Sunday, January 27, 2013

How do you measure a year?

2012 has come and gone.  The end of the year always brings time to reflect back on what was and hope for what is to come (and since I was busy spending my last days with my family before I went back to Georgia when the new year began, here it is).  This year has been big for me, in both good and hard ways.  I've been in five countries, three of which were new to me. I've called four places home in three different countries.  I lived out the last five months of the beautiful period that was my time at Rhodes and in Memphis.  I laughed and (eventually) cried with five girls who became my family in a little house halfway between play-world and reality.  I spent hours lying on my kitchen floor contemplating the future.  I pushed myself physically farther than I ever have before running 26.2 miles in the Nashville marathon.  I became a college graduate and stepped out into the real world attempting to make my education mean something.  I saw my little brother graduate high school and start his college years that I know too well will make him a smarter, stronger, wiser person.  I was reunited with my beloved Rossiya and unexpectedly left a not so little piece of my heart in Kazan.  I set out for my summer adventure intending to not make any real friends and focus on Russian only, and I left richer in both language and priceless friendships.  I spent some sweet time with my family in Starkville.  I moved on a whim to a little village on the side of a mountain on the Black Sea in Georgia to teach English to schoolchildren.  I found a strong community of neighbors, students, and friends, and made myself a little 10 month "home" in Zeda Tkhilnari.  I decided to go to graduate school to continue the study that is also my fatal attraction and began the (sometimes) painful process to make that a reality.  In short, a lot of life happened to me in 2012.

This year was good, and even though I probably shed more tears in this one summer than I have in the last five years of my life combined (says the girl who never cries), I am thankful for it all because I struggled through a lot of uncertainty only to come out somewhere much more peaceful.  Stepping into 2013, I don't feel quite so lost anymore.  I am happy with where I am and have faith in where I am going, and even though I still sometimes long for what was and very much miss the people who are no longer a part of my daily life, I know that I have sweet memories and the blessing of their friendship forever.   

So what do I hope for in this new year?  To be kind to others.  To follow my passions wherever they lead me.  To continue to wander around the world.  To love without hesitation.  To live every day to the fullest without worry about tomorrow.  To be a good and responsible citizen of the world.  To open myself to new things and people.  But most importantly to just be and be happy.  

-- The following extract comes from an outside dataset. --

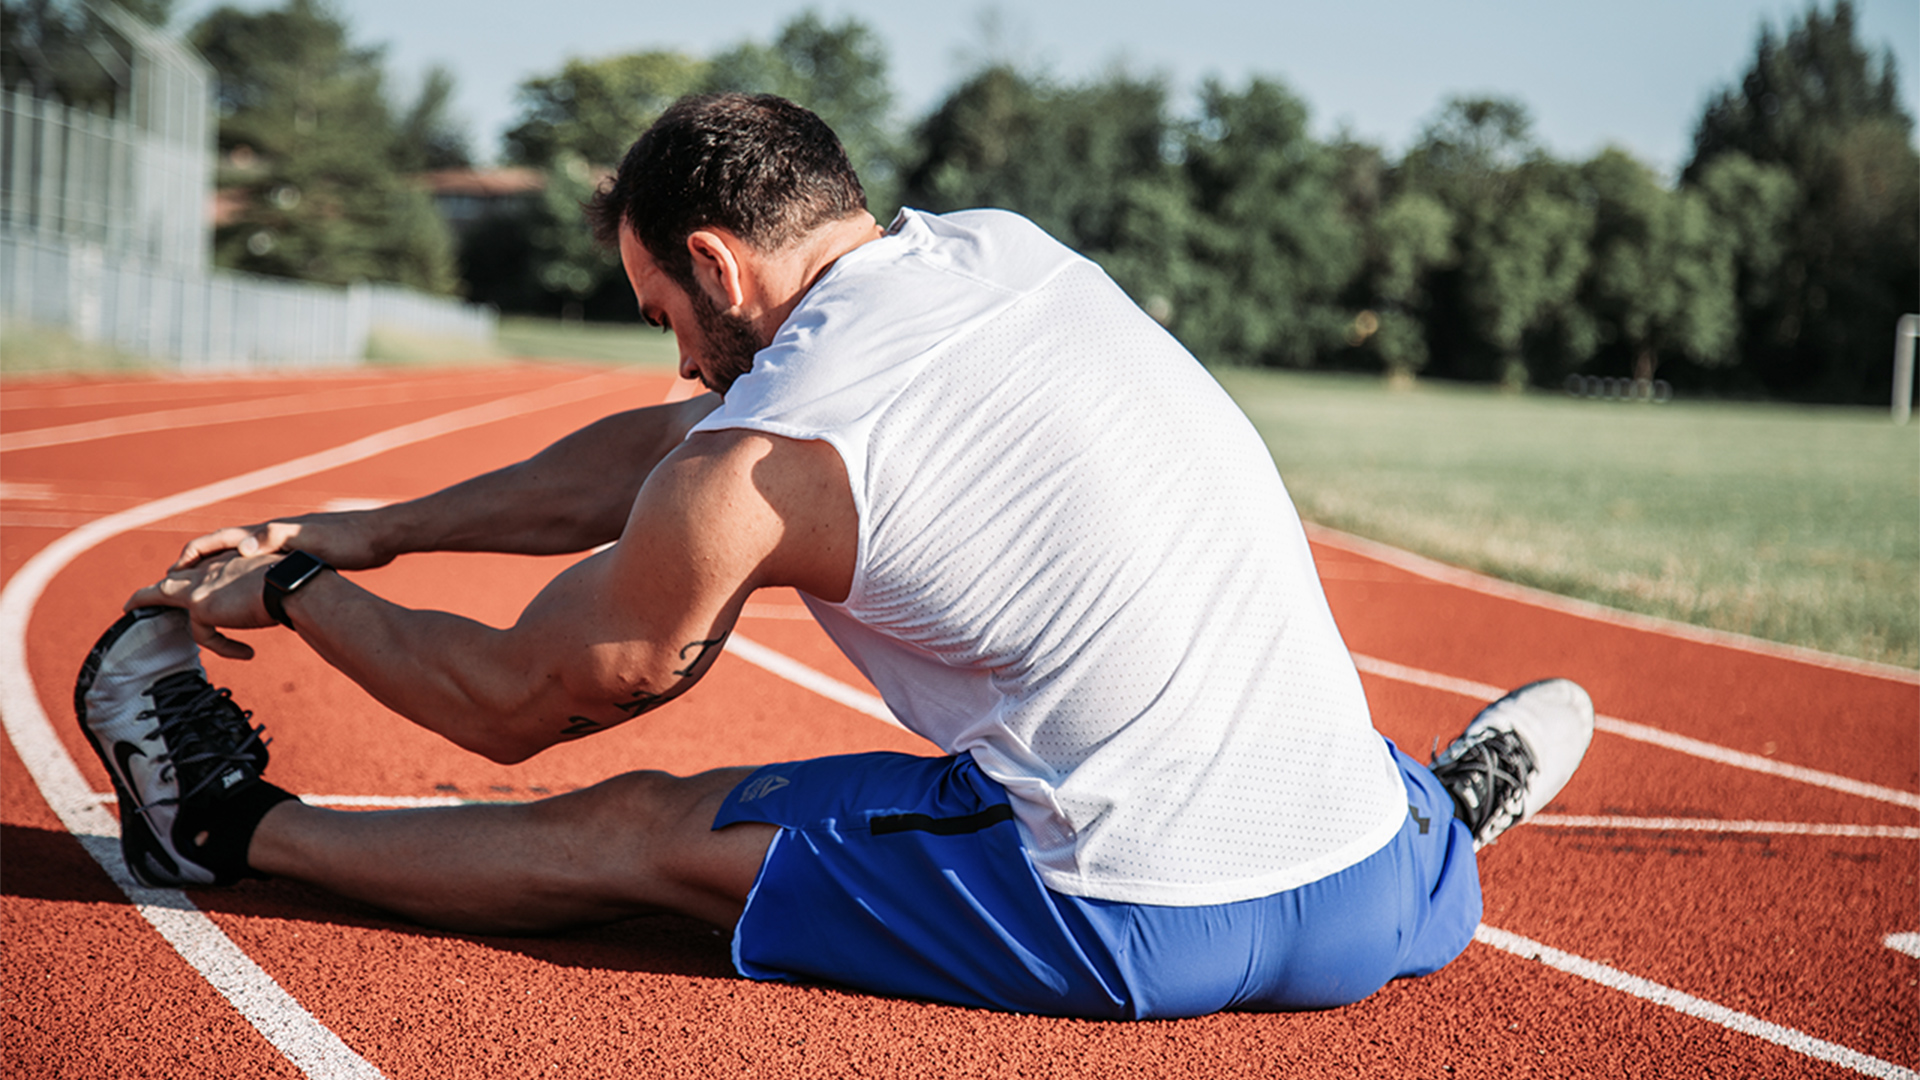 An athlete stretches on a running track

Saturday, January 26, 2013

I'll be (I WAS) home for Christmas.

I went home for Christmas, and if I didn't have the pictures to prove it, I'm not sure that I'd believe that I did.  And in the weeks (and then days) leading up to my anticipated departure, I wasn't sure that it would happen at all (this is what happens when you work for a developing, post-Soviet government who sends you vacation tickets five days before you're supposed to leave, but I digress...).  However, I did go home, and it was wonderful.  Looking back I can now even forget the 100+ hours of transit I endured to get there and back, the fact that I was sick the majority of the time, and the misery that was grad school applications.  What I remember is that I was with the people I love and who know me and love me back.  Even though Georgia has become like a "home" for now, it will never be Starkville and it will never be Memphis, and I am grateful for that. And as much as I enjoy being Liza/Lizi, it was so nice to just be Elizabeth (or Lib/ET) for a little while.

The Cruise Fam.
The Extended Fam.
My sweet Memphis roomies.
The annual Christmas Day festivities with the Hayes.
Ralph. Fred. Walter.
Besties from birth.
My fam.

Friday, January 25, 2013

Be kind and rewind.

Since I have been traveling for the last six weeks, I will now proceed to post all that I have written and snapped during this time.  Consider yourself forewarned.  
“As we all know, time sometimes flies like a bird, and sometimes
crawls like a worm, but people may be unusually happy when they do not
even notice whether time has passed quickly or slowly” 
-Ivan Turgenev, Fathers and Sons 
(because, let's be honest, it always comes back to me quoting the Russians)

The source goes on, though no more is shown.